START Input records
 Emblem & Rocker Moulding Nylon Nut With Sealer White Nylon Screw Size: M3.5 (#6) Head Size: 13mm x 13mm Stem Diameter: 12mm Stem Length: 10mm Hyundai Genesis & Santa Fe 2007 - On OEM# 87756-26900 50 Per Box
END Input records
START Input records
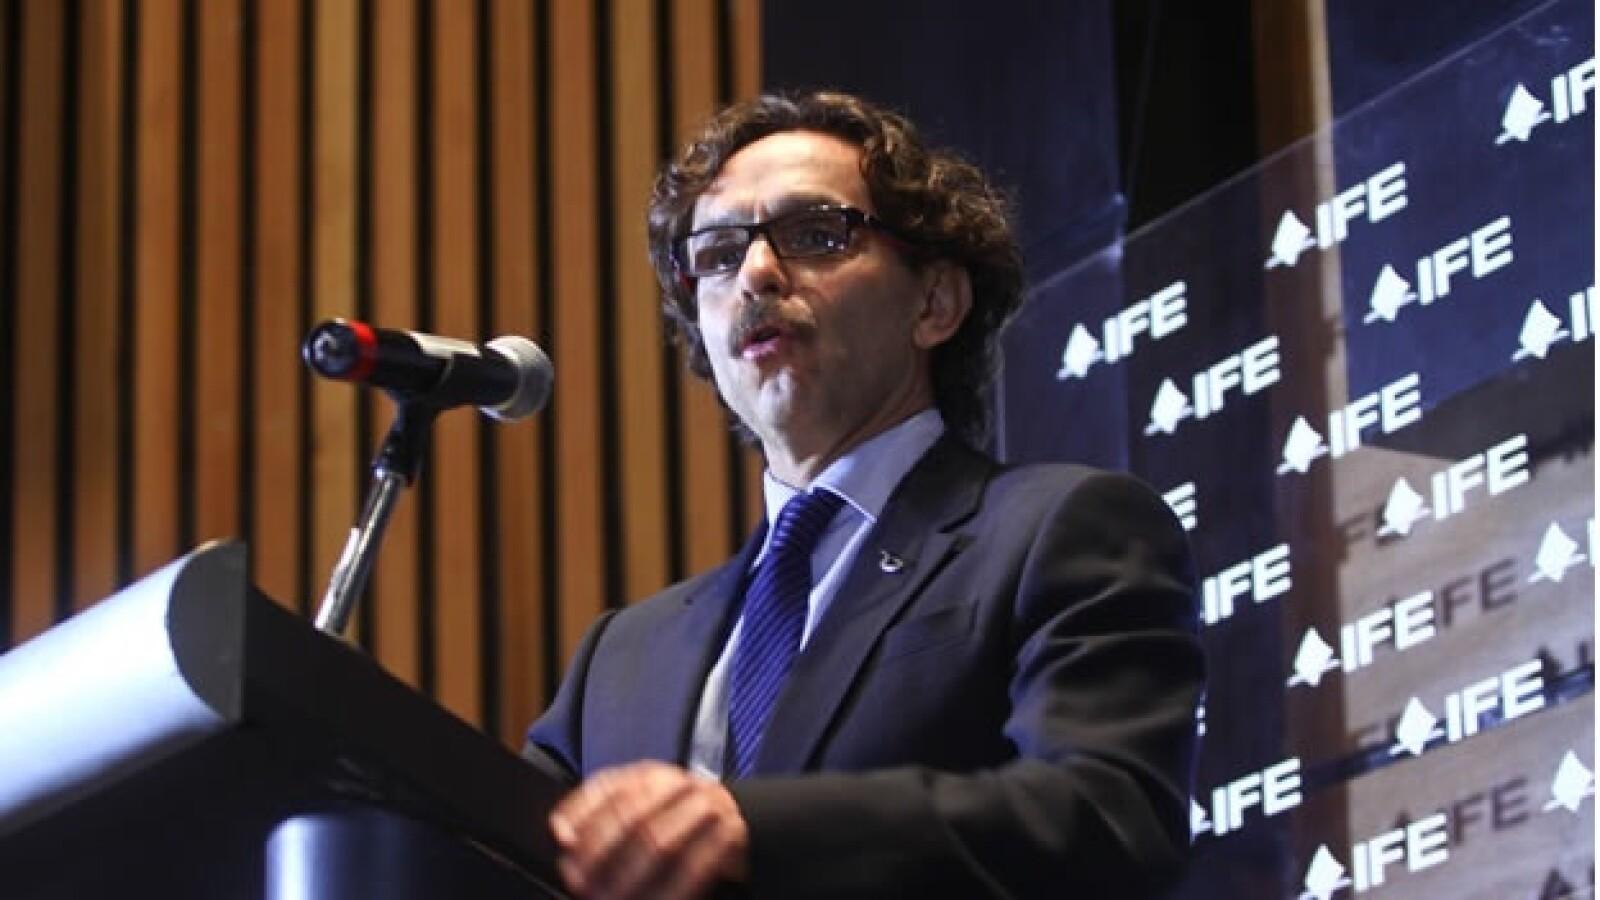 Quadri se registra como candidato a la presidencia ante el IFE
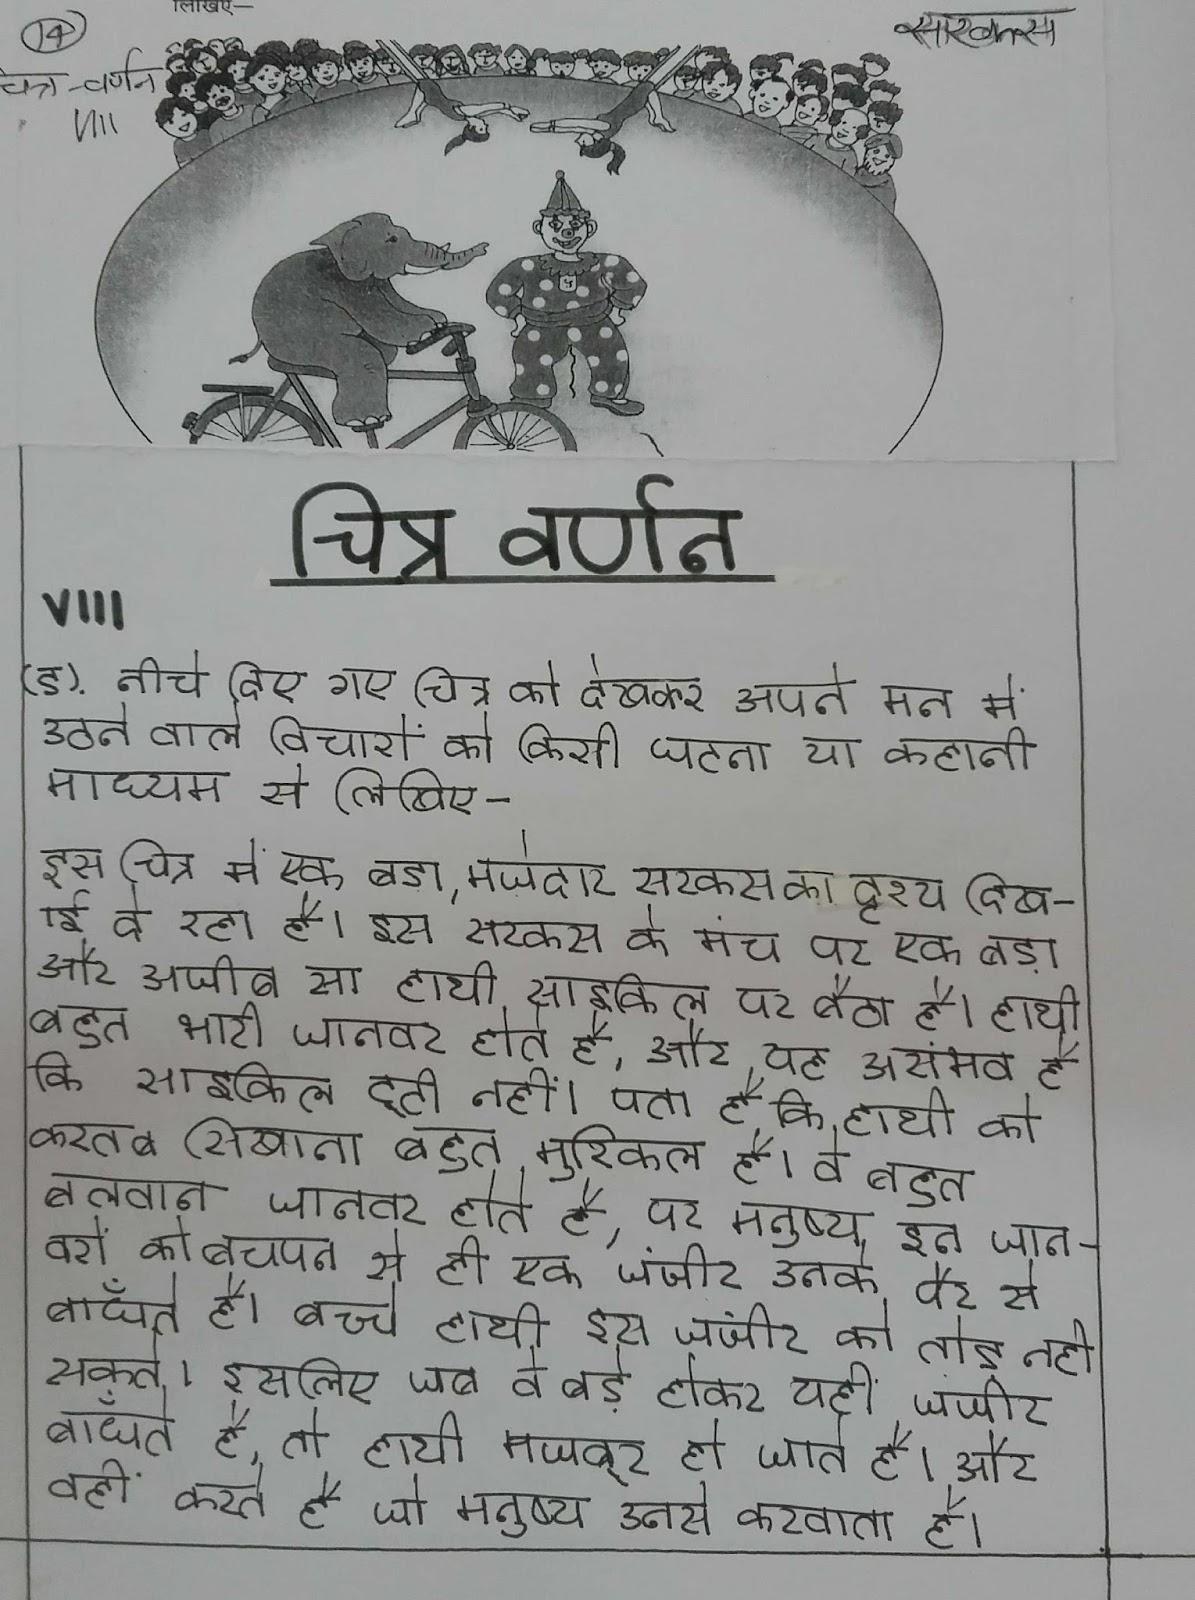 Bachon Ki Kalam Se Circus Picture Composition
END Input records
Task prompt - What you write out is the stretch of entries from the line containing "Quadri se registra" to the line containing "Bachon Ki Kalam", word for word, with both end lines and no pictures.

Completed exercise -
 Quadri se registra como candidato a la presidencia ante el IFE
 Bachon Ki Kalam Se Circus Picture Composition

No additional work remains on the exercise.